__TRY IT__
Scan the records for the string "Furniture" and copy every line that holds it.

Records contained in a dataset
↓↓↓
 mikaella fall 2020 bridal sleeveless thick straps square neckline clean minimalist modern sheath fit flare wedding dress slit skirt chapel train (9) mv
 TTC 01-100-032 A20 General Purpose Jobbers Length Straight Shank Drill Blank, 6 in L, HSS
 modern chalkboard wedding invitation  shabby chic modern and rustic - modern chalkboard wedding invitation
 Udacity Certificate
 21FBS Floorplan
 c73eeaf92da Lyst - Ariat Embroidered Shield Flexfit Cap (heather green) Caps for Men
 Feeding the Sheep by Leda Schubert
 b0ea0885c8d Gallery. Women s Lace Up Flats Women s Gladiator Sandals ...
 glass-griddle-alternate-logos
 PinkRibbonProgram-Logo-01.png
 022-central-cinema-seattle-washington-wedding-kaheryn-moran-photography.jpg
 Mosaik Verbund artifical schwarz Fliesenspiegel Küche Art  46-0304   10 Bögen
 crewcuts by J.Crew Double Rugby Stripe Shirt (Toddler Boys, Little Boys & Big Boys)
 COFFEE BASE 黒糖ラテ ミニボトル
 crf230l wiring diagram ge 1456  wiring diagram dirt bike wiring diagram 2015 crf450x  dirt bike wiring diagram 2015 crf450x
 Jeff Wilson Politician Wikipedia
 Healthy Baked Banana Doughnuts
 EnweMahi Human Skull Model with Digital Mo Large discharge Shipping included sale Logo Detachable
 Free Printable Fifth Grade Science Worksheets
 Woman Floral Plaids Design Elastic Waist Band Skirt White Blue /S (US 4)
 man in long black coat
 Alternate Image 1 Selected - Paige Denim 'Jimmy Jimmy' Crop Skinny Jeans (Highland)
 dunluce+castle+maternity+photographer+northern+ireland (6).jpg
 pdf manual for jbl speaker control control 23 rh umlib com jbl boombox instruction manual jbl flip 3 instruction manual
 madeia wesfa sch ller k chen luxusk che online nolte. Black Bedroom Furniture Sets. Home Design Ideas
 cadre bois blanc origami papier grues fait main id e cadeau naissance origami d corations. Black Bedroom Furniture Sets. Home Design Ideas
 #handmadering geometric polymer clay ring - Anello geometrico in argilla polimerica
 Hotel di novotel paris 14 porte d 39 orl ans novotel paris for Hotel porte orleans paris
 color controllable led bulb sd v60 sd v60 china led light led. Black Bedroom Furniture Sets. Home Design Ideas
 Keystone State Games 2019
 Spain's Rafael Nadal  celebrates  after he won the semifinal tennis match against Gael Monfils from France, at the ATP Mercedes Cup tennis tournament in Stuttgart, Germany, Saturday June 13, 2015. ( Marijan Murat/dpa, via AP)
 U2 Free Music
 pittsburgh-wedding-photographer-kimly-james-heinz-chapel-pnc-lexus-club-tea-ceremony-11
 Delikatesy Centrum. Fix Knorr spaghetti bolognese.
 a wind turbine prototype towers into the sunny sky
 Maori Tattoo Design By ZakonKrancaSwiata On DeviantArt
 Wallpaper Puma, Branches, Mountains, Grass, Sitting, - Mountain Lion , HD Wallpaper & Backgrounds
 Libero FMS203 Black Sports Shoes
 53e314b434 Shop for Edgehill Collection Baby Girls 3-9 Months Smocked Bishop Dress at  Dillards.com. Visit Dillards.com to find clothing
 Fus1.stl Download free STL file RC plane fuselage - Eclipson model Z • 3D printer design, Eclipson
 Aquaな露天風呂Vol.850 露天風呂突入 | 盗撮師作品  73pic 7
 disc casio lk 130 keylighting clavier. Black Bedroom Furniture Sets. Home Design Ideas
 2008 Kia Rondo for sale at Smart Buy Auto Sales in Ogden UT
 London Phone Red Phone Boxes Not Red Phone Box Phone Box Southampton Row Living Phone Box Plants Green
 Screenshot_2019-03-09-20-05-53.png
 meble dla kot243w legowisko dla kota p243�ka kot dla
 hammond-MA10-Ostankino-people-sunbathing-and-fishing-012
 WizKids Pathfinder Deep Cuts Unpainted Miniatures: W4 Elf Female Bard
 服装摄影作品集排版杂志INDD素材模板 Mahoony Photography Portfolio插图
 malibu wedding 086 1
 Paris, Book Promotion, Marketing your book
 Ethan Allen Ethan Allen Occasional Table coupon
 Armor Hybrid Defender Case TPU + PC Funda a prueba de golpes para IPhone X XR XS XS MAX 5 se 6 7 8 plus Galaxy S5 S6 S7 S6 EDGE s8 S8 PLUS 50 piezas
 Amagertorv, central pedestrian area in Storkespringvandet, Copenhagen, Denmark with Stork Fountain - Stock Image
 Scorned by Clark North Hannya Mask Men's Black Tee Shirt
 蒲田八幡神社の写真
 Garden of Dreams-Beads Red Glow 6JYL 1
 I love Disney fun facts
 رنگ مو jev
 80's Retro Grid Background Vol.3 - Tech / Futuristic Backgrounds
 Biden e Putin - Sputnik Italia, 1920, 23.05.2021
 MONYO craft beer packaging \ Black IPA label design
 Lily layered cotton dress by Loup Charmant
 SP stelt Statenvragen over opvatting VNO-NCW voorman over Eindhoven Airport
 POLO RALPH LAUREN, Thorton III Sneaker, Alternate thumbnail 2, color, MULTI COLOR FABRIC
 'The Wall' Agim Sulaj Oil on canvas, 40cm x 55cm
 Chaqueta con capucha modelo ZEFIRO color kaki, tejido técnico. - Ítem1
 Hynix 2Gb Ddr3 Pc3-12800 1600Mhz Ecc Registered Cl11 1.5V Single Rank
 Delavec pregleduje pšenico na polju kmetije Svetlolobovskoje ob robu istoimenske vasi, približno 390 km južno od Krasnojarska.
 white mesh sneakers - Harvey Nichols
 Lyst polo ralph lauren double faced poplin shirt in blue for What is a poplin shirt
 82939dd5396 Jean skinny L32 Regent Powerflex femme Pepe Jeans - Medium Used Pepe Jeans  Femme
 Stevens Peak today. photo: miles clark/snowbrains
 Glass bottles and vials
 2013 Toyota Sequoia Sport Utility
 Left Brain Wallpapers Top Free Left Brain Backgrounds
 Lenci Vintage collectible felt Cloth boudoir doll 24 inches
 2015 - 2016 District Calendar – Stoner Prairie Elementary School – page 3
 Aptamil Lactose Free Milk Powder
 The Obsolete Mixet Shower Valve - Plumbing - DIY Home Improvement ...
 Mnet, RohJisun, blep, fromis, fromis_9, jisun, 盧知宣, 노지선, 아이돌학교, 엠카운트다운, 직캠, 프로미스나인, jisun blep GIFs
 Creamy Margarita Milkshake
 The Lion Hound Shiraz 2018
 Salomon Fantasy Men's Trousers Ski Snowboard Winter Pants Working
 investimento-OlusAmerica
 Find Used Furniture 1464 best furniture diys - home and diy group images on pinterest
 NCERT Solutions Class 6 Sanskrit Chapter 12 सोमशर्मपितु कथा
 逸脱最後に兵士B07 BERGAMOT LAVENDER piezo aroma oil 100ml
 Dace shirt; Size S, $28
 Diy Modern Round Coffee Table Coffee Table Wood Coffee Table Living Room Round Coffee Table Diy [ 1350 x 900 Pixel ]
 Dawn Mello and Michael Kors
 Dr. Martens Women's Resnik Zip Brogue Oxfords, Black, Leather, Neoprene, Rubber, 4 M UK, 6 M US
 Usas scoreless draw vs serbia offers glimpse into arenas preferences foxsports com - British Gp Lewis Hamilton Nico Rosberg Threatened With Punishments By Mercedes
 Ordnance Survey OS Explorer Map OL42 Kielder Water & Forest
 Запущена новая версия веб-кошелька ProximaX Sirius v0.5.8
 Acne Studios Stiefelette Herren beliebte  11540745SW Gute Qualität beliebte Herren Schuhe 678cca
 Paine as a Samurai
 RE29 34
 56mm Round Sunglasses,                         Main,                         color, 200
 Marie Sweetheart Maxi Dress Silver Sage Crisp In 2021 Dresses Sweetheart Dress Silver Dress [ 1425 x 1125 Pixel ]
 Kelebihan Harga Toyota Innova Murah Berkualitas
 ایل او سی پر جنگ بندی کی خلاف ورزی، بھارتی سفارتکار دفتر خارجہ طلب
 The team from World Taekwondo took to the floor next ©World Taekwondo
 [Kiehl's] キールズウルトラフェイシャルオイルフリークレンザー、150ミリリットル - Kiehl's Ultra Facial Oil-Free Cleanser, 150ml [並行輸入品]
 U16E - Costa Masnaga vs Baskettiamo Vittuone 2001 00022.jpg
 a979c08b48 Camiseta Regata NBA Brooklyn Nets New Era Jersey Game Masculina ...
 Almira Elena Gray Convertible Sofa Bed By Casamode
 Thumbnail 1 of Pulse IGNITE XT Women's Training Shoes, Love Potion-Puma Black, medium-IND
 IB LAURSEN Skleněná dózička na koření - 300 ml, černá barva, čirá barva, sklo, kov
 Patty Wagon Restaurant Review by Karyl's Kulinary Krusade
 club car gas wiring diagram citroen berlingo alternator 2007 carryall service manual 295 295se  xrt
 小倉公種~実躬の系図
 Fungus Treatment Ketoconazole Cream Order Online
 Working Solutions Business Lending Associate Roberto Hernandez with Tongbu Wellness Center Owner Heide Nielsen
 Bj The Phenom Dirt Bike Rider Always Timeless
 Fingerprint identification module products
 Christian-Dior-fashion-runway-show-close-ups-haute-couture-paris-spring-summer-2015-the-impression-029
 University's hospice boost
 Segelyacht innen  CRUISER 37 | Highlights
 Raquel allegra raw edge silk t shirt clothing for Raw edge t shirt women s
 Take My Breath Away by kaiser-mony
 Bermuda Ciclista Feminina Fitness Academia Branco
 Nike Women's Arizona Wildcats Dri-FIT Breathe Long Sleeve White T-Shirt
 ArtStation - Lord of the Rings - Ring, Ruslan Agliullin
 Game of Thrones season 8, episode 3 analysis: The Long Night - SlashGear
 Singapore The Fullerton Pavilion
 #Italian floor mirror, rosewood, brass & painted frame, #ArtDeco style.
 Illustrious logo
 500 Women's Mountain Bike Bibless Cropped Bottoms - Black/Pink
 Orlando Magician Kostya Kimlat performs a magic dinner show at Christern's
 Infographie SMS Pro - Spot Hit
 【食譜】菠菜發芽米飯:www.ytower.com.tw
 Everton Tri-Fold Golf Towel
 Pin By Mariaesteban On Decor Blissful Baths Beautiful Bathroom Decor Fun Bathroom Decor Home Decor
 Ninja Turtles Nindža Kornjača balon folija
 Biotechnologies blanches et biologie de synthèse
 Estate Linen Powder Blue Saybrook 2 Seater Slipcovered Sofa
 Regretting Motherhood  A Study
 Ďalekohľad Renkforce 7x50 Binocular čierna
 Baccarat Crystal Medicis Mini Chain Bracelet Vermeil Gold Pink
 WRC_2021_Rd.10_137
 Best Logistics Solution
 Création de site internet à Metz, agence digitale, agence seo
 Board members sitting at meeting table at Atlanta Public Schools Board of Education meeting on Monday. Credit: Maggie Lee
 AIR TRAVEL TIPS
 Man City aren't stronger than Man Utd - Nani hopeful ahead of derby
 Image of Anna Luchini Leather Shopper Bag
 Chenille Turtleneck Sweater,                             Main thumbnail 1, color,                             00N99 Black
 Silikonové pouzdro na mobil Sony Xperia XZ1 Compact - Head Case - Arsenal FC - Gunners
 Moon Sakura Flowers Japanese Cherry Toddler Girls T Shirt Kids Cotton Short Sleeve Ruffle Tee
↑↑↑
__EXERCISE ANSWER__
 madeia wesfa sch ller k chen luxusk che online nolte. Black Bedroom Furniture Sets. Home Design Ideas
 cadre bois blanc origami papier grues fait main id e cadeau naissance origami d corations. Black Bedroom Furniture Sets. Home Design Ideas
 color controllable led bulb sd v60 sd v60 china led light led. Black Bedroom Furniture Sets. Home Design Ideas
 disc casio lk 130 keylighting clavier. Black Bedroom Furniture Sets. Home Design Ideas
 Find Used Furniture 1464 best furniture diys - home and diy group images on pinterest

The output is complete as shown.